Work instruction →
Below are several entries. Transcribe exactly those lines that fall from the one with "Royal caja registradora" through the one with "Carnevale Tempio, successo", end lines included.

Supplied data →
--*--

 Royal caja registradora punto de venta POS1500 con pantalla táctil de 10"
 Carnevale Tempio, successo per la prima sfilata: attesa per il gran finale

--*--

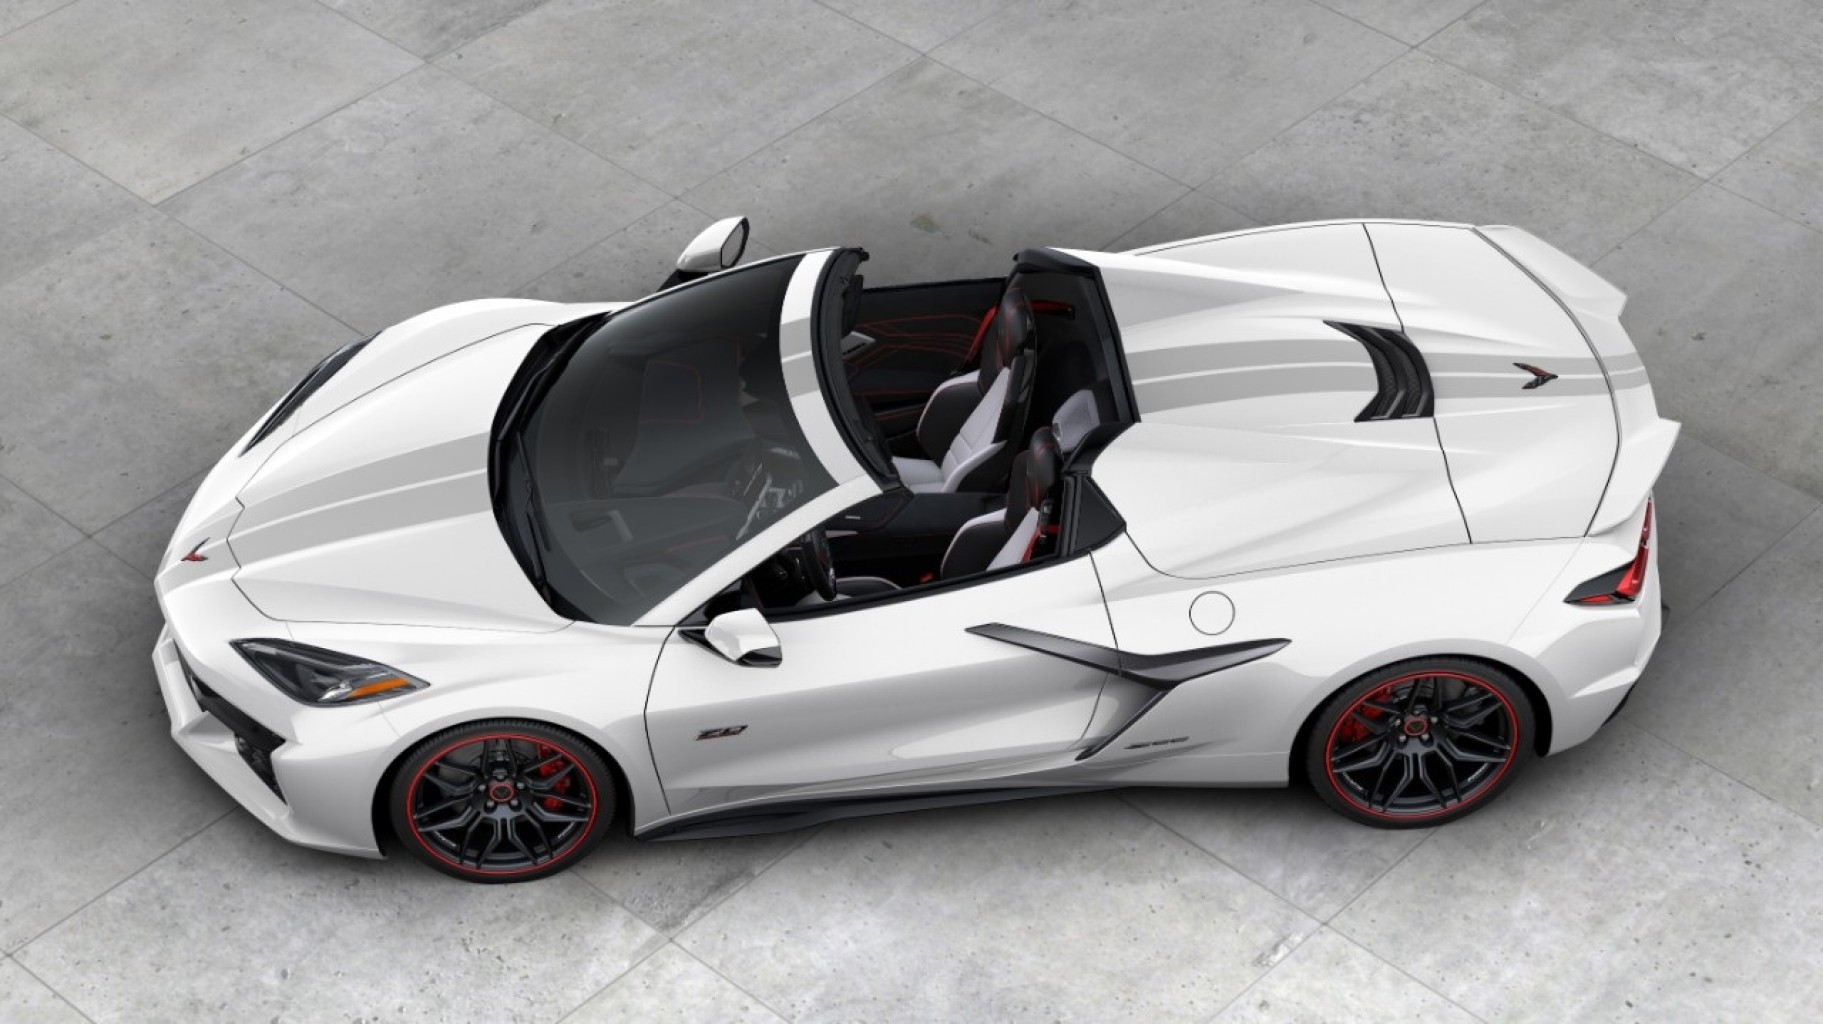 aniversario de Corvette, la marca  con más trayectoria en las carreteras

--*--

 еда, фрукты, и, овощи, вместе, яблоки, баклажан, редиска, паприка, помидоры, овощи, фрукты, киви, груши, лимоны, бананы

--*--

Completed exercise →
 Royal caja registradora punto de venta POS1500 con pantalla táctil de 10"
 Carnevale Tempio, successo per la prima sfilata: attesa per il gran finale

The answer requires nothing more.